We climbed almost straight away but the day and night of driving had taken its toll and we didn’t climb long. It was long enough to do a 7a traverse, cleverly named “Traversatta” it was my first 7a of the forest and on my second go. We went and looked at the Bruno blocks lack of holds and poor friction then cruised back to the van for some dinner and some much needed sleep.
MAGIC WOODS VALLEY
After my first encounter with the forest I was sure I would like it a lot, it really is quite magical and even though it’s the middle of summer once you are under the cover of the trees the air has a distinct chill to it. The reason for this is the freezing air that jets up from holes in the ground and from around the bigger boulders and the fact that you are at around 3000m above sea level. In fact the town up the road is the highest altitude town in main land Europe.
That evening at about 9:00pm there was a loud knock on the door of the van and the owner of the campsite was standing there asking for us to pay for the night in the campsite! “Err we’re not in the campsite” I said, but apparently the campsite own the car park as well. Not impressed but also not knowing where else we could park we decided to pay and find somewhere else in the morning. We woke up the next day and went up the road to find somewhere to park, fortunately there is a large layby at the side of the road near the second bridge to the climbing so we parked up and went climbing.
THE BRIDGE CROSSING
Over the next 3 days I managed a few problems that I was quite pleased with (tick list below for anyone who cares).
La Traversatta 7a
Bosna Genial 7a
Bosna Royal 7a
Dropzone 7a
Enterprise 7a
Hagletrauma 7b
Fetterfisch 7b
Jamesbong 7b
Just as I was getting into the swing of things and wanting to get on something harder more local irritation struck. Once again an angry local came knocking on the door telling us we can’t park in the valley except at the campsite and the police would be there within the hour. It’s like the Magic Woods Mafia! The campsite is frankly rubbish and to be forced to pay almost £7 a night for it is not on.

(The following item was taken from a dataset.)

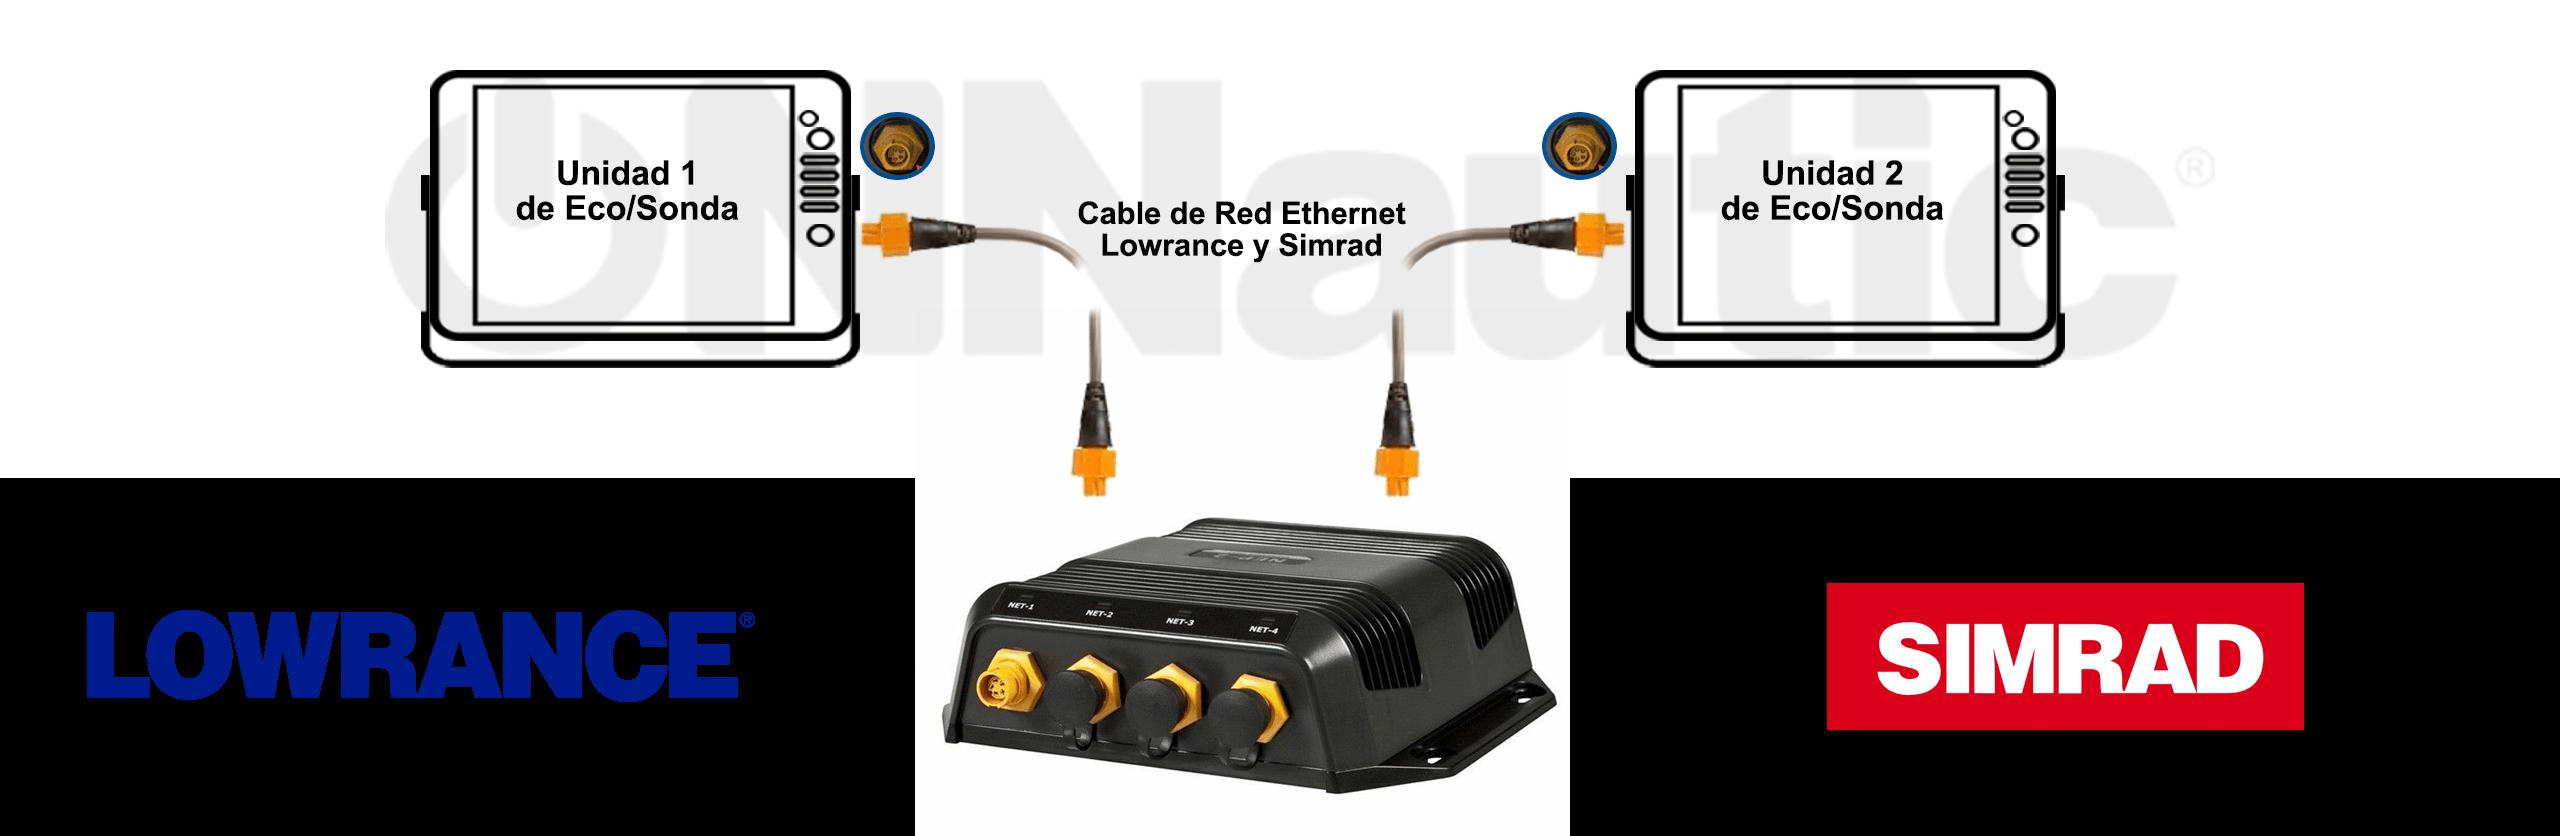 Diagrama Lowrance Simrad Ethernet

That night we paid once again for the camping but planned to find somewhere else again the next day, even if it was a little way away it would still be cheaper. The next day we woke up to rain, the clouds had been sitting in the valley for a couple of days threateningly and they had finally delivered. Everything was soaked so we went up to the Edelweis (guest house) for some internet and a shower. We checked the weather and the next 5 days were forecast rain one day of sun then more rain. We finished using the internet and all freshly clean we hit the road for Chironico. It’s only 50 miles from Magic but it’s a bit lower and although the heat might be a problem at times the forecast was good and that meant climbing rather than sitting in the van wishing the rain would stop.

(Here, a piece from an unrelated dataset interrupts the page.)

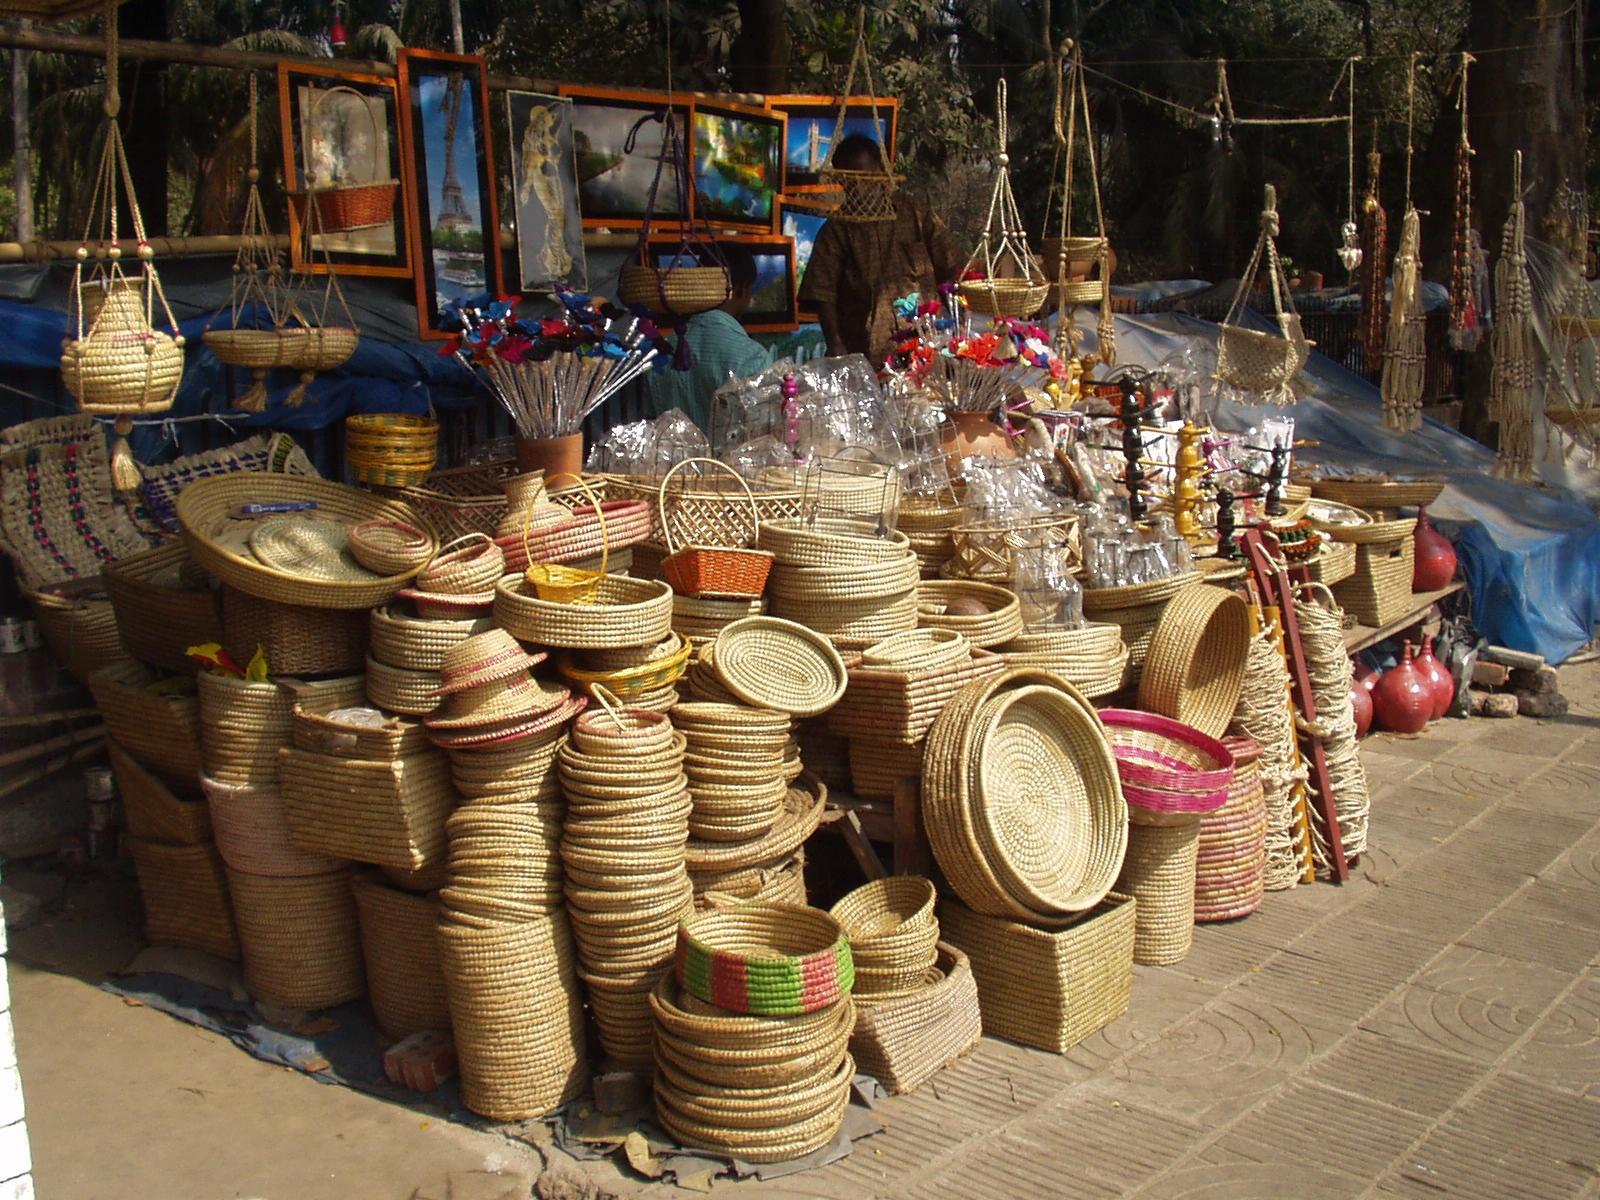 rani no haziro market-handicraft items shopping in ahmedabad

We got to the parking area at Chironico after a couple of chapters of Harry Potter (we’ve got the audio books read by Stephen Fry and are currently living our lives in chapter size chunks of time) and went to find some rock.
So far we’ve been largely unsuccessful at this new destination however we’ve been working things that are right at our limits. Leah has been trying an 8a that she’s very close to and I’ve been working a problem called Doctor Pinch, a savage 8a+ that at the moment only has one move on it that is out of my grasp. I’m not sure if I’ll be able to do it but it would mean that I had surpassed my expectations for the trip with a few months still to go! My goal was one 8a route and one 8a boulder problem, thus far I’ve got two 8a routes and a potential 8a+ boulder problem, very exciting!